I've never seen a cactus buck on hoof. I am wondering how many they could possibly have down there to qualify to have a full blown hunt down there for them.

Thanks!


----------



## muleymadness (Jan 23, 2008)

There is actually quite a few cactus bucks on the Pauns, I see a few every summer...haven't seen a big one recently however. Unfortunately where I see them during the summer is NOT where they will be for your hunt. Get south in the Sands and East of Kanab up Johnson Canyon/Nephi pasture area. Good luck should be fun.


----------



## PBH (Nov 7, 2007)

muleymadness said:


> Get south in the Sands ...


I'd probably avoid the Sands. No point in scouting on the Zion unit....


----------



## Vanilla (Dec 11, 2009)

PBH said:


> I'd probably avoid the Sands. No point in scouting on the Zion unit....

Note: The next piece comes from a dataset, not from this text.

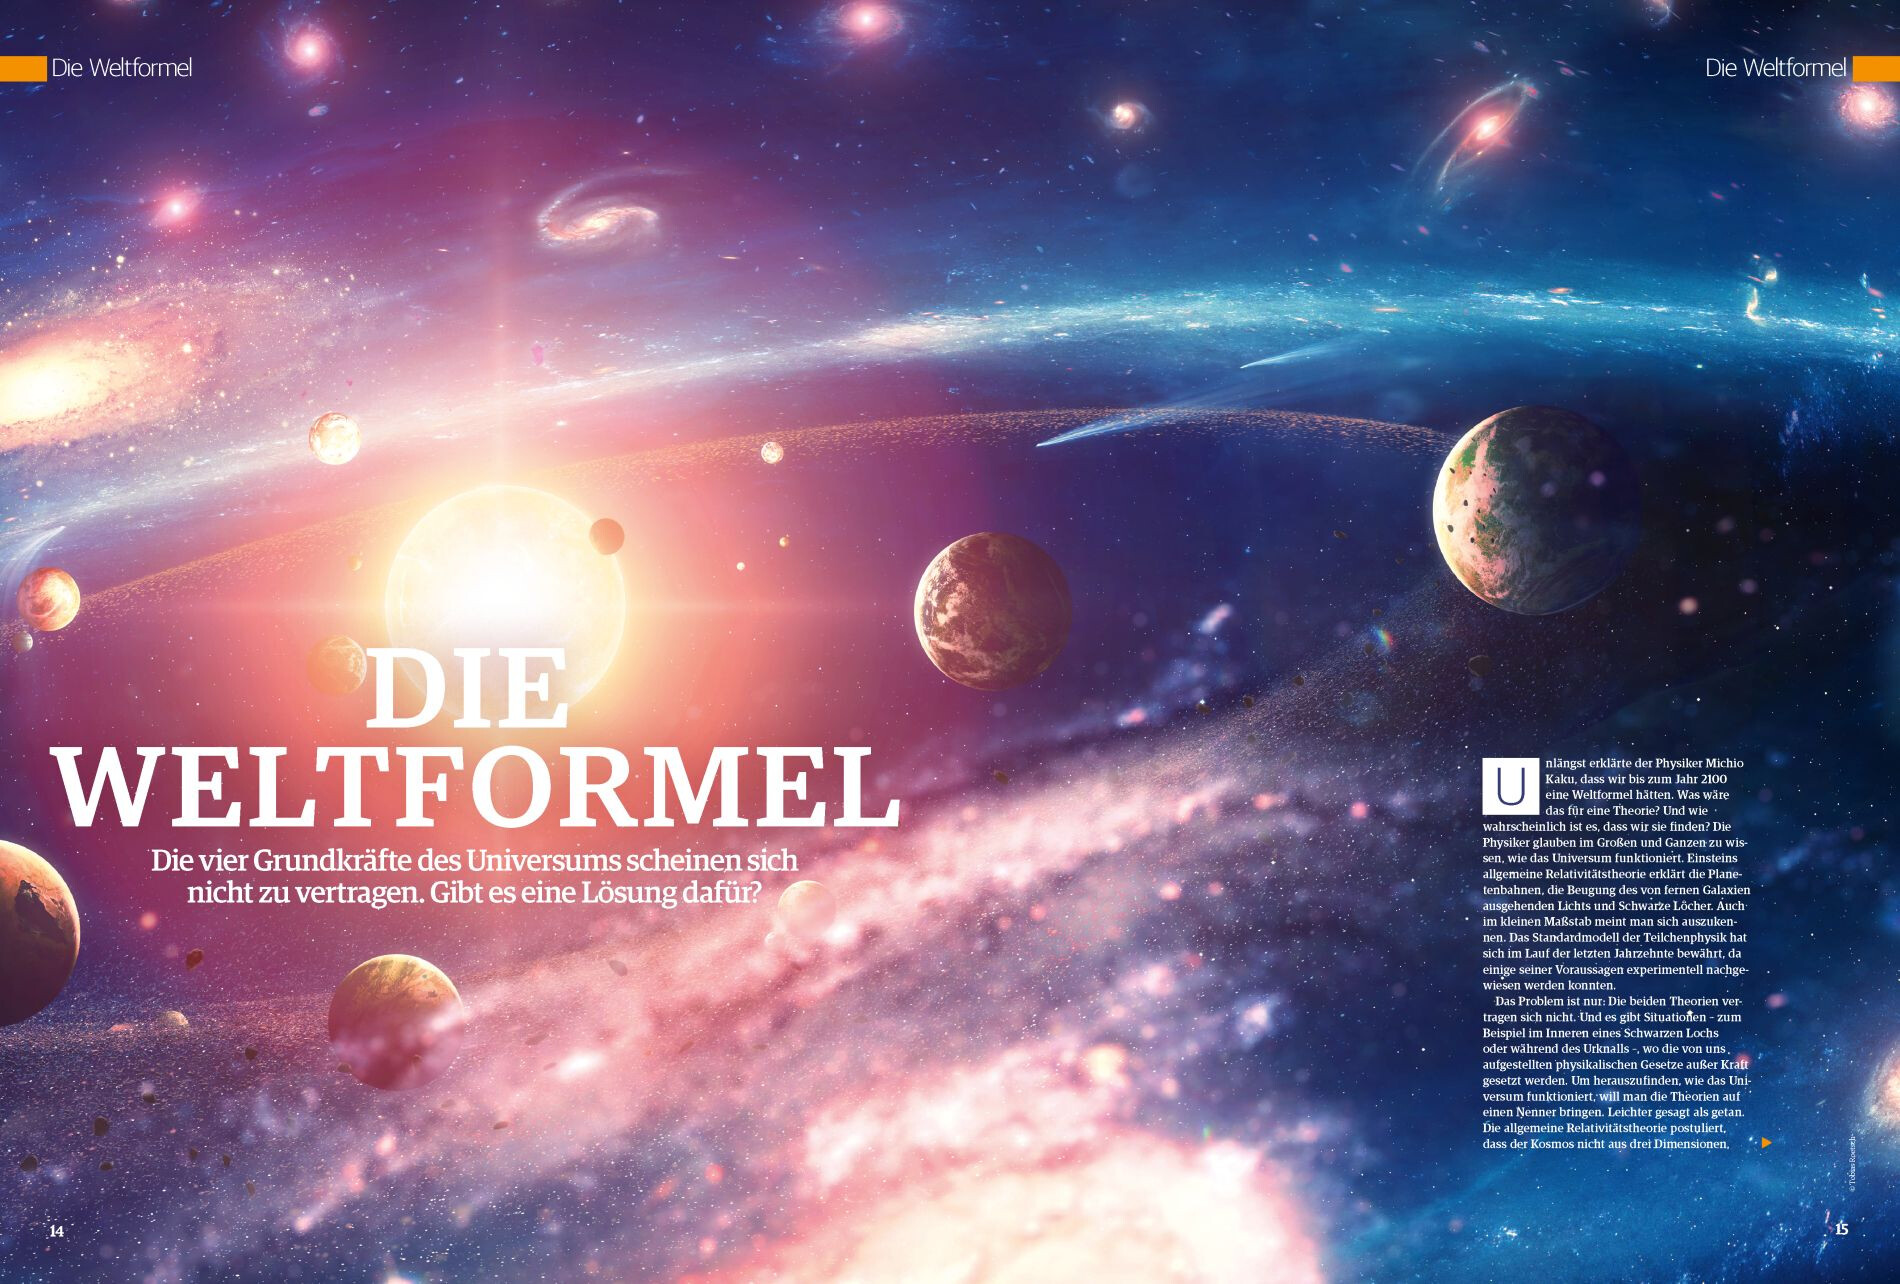 Space Weltraum Magazin 01/2020

You're thinking of the wrong sands.


----------



## callofthewild (Sep 7, 2007)

i would definitely focus on the johnson canyon/ nephi pasture area at that time.


----------



## PBH (Nov 7, 2007)

Vanilla said:


> You're thinking of the wrong sands.


No. I'm thinking of the right Sands. The rest of you are talking about the wrong Sands!


----------



## Vanilla (Dec 11, 2009)

That’s actually a fair point. I should have said “different sands.”


----------